Но это, безусловно, противоречит употреблению — ограничивать термин Желание этим случаем. Предположим, заключенный д-ра Бэна завладевает напильником и видит способ выбраться из тюрьмы путем долгого процесса, который будет включать, среди прочих операций, подпиливание определенных решеток. Было бы, безусловно, абсурдно говорить, что его желание окончательно прекращается, когда начинается операция подпиливания. Несомненно, концентрация внимания на сложных действиях, необходимых для достижения свободы, вероятно, заставит заключенного быть настолько поглощенным другими идеями и чувствами, что желание свободы может временно перестать присутствовать в его сознании.
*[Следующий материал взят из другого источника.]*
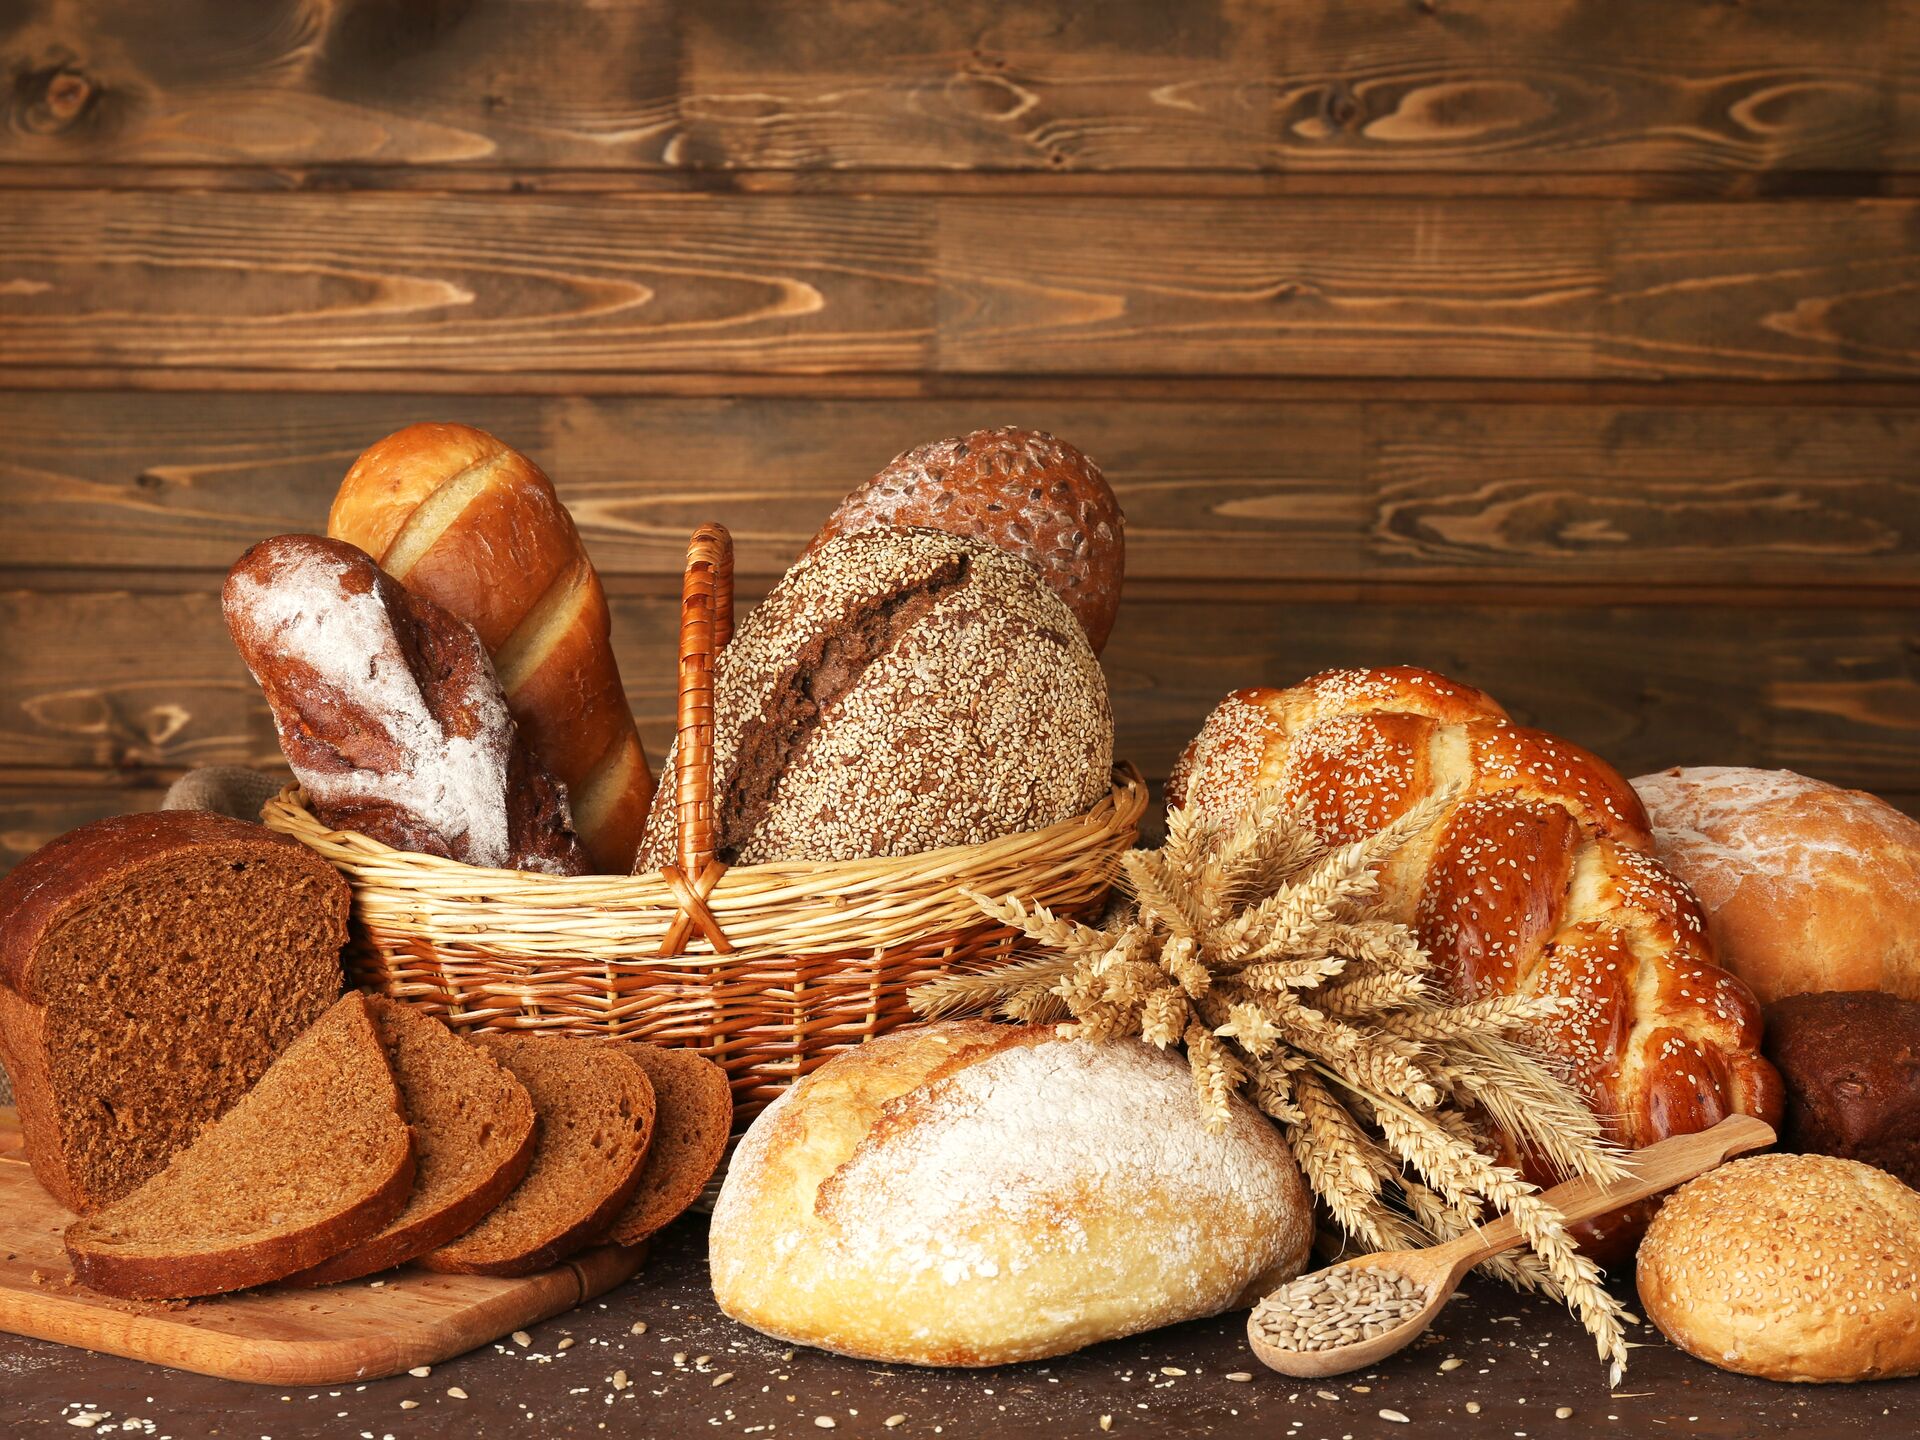 Сколько ржаной муки требуется для выпечки 28 тонн хлеба?

Но поскольку стимул, от которого в конечном счете зависит вся его деятельность, безусловно, проистекает из нереализованной идеи свободы, эта идея, с сопутствующим чувством желания, будет нормально повторяться через короткие промежутки времени в процессе. Аналогично в других случаях, хотя совершенно верно, что люди часто работают ради желаемой цели, не чувствуя сознательно желания этой цели, было бы абсурдно говорить, что они никогда не чувствуют желания, работая таким образом: во всяком случае, это ограниченное использование термина, я думаю, никогда не принималось этическими писателями при рассмотрении Желания. И в некоторых отрывках сам д-р Бэн, по-видимому, принимает более широкое значение. Он говорит, например, в главе, из которой я цитировал, что «у нас есть форма желания... когда мы работаем ради отдаленных целей». Если, таким образом, допустить, что чувство Желания является во всяком случае иногда элементом сознания, сосуществующим с процессом деятельности, направленной на достижение желаемого объекта, или вмешивающимся в короткие паузы такого процесса, я осмелюсь думать, что когда чувство наблюдается в этих условиях, не будет соответствовать общему опыту человечества описывать его как по сути болезненное.
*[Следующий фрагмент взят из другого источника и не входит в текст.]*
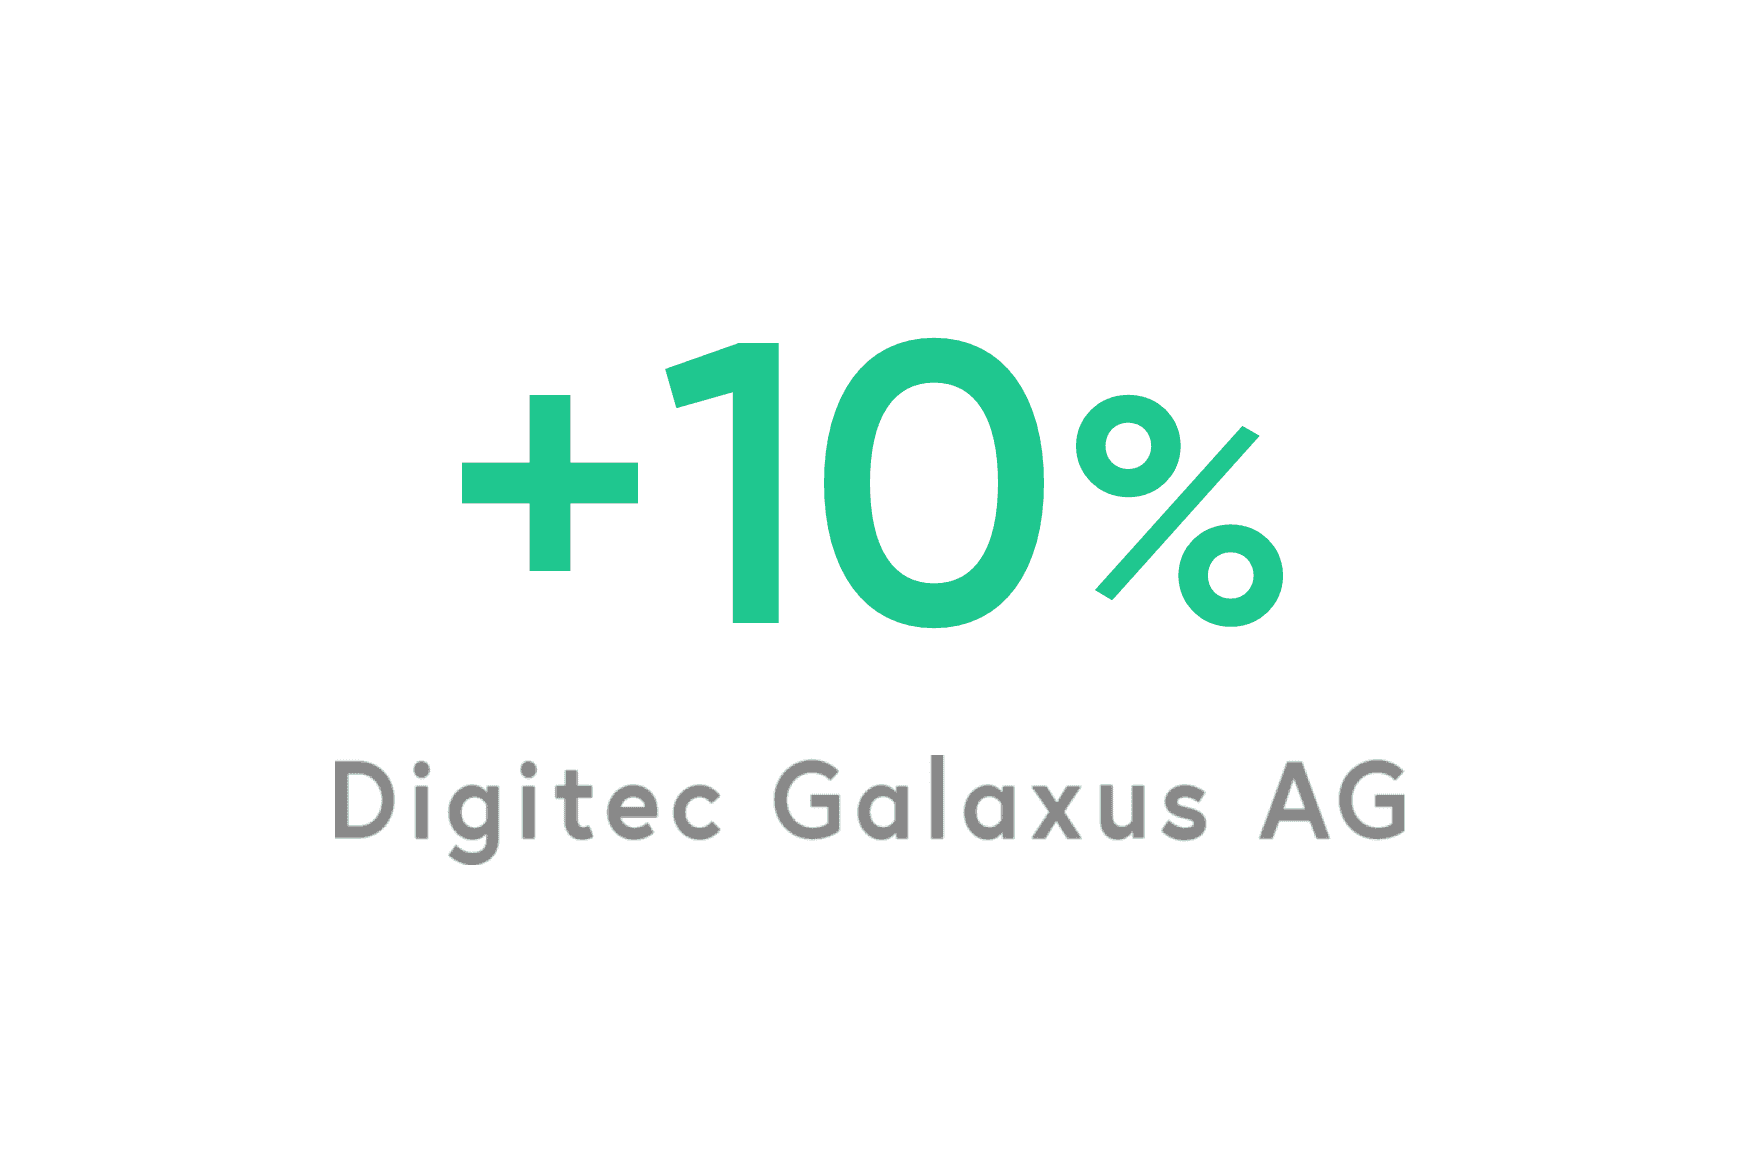 Digitec Galaxus: 10% de melhoria no moral dos agentes

Возьмем в качестве простого примера случай игры, включающей физические упражнения и состязание в мастерстве. Вероятно, многие люди, которые принимают участие в таких упражнениях ради санитарных или социальных целей, начинают без какого-либо заметного желания выиграть игру: и вероятно, пока они остаются таким образом безразличными, упражнение довольно утомительно. Обычно, однако, сознательное желание выиграть игру возбуждается как следствие действий, направленных к этой цели: и — по крайней мере, по моему опыту — по мере того, как чувство становится сильным, весь процесс становится более приятным. Если признать это нормальным опытом, то, безусловно, должно быть также признано, что Желание в этом случае является чувством, в котором интроспекция не позволяет нам обнаружить ни малейшего качества боли.
Было бы легко привести бесконечное число подобных примеров энергичной деятельности, осуществляемой ради цели — будь то в спорте или в серьезных делах жизни — где острое желание достижения цели является необходимым для реального наслаждения трудом, требуемым для достижения, и где в то же время мы не можем обнаружить никакой болезненности в желании, как бы мы ни пытались отделить его при интроспективном анализе от сопутствующего чувства.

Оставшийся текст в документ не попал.